Nonlocal traffic models with general kernels: singular limit, entropy admissibility, and convergence rate

TL;DR

This paper studies the convergence of nonlocal traffic flow models with general kernels to local conservation laws, establishing conditions for convergence, entropy admissibility, and convergence rates, with implications for traffic modeling accuracy.

Contribution

It extends convergence results to more general kernels in traffic models, introducing natural assumptions and a criterion for entropy admissibility.

Findings

Established convergence under natural assumptions and convexity of kernels.

Provided a criterion for entropy admissibility of the limit solution.

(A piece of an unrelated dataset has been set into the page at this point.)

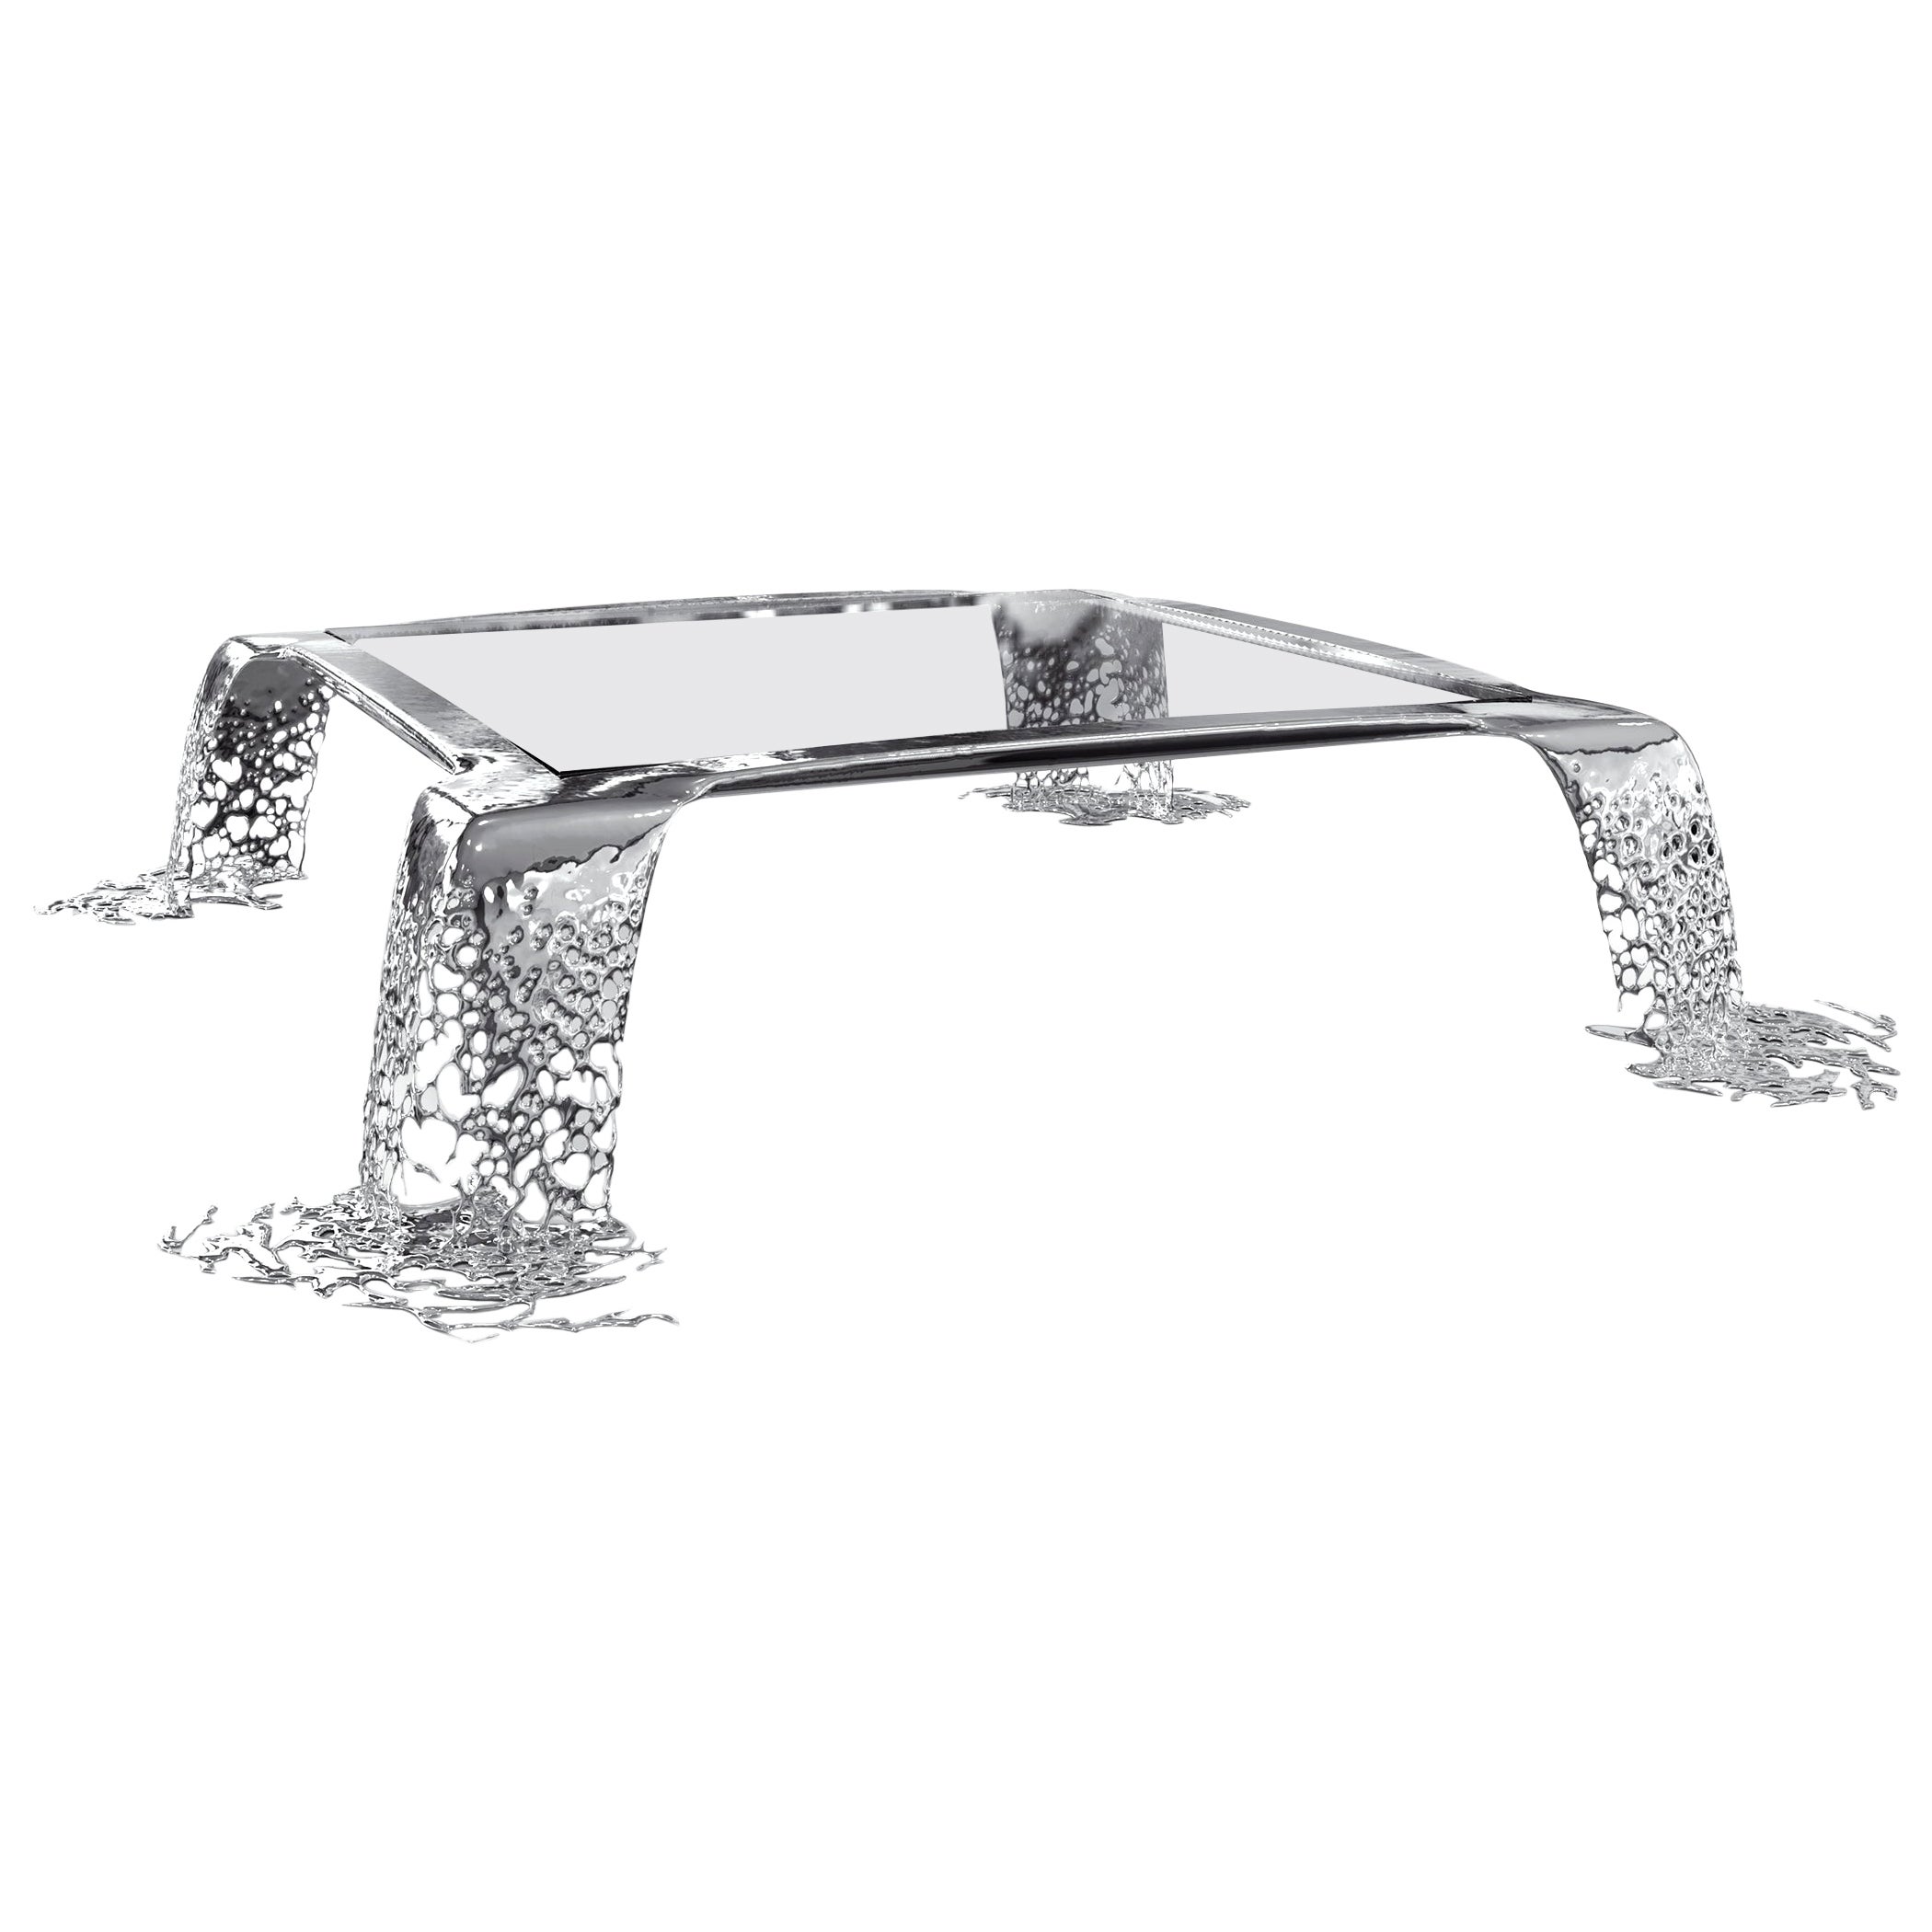 Cascatta Stainless Steel Mirror Polish Square Dining Table For Sale

Demonstrated the necessity of convexity with a counter-example.

Abstract

Nonlocal conservation laws (the signature feature being that the flux function depends on the solution through the convolution with a given kernel) are extensively used in the modeling of vehicular traffic. In this work we discuss the singular local limit, namely the convergence of the nonlocal solutions to the entropy admissible solution of the conservation law obtained by replacing the convolution kernel with a Dirac delta. Albeit recent counter-examples rule out convergence in the general case, in the specific framework of traffic models (with anisotropic convolution kernels) the singular limit has been established under rigid assumptions, i.e. in the case of the exponential kernel (which entails algebraic identities between the kernel and its derivatives) or under fairly restrictive requirements on the initial datum. In this work we obtain general convergence results under assumptions that are entirely natural in view of applications to traffic models, plus a convexity requirement on the convolution kernels. We then provide a general criterion for entropy admissibility of the limit and a convergence rate. We also exhibit a counter-example showing that the convexity assumption is necessary for our main compactness estimate.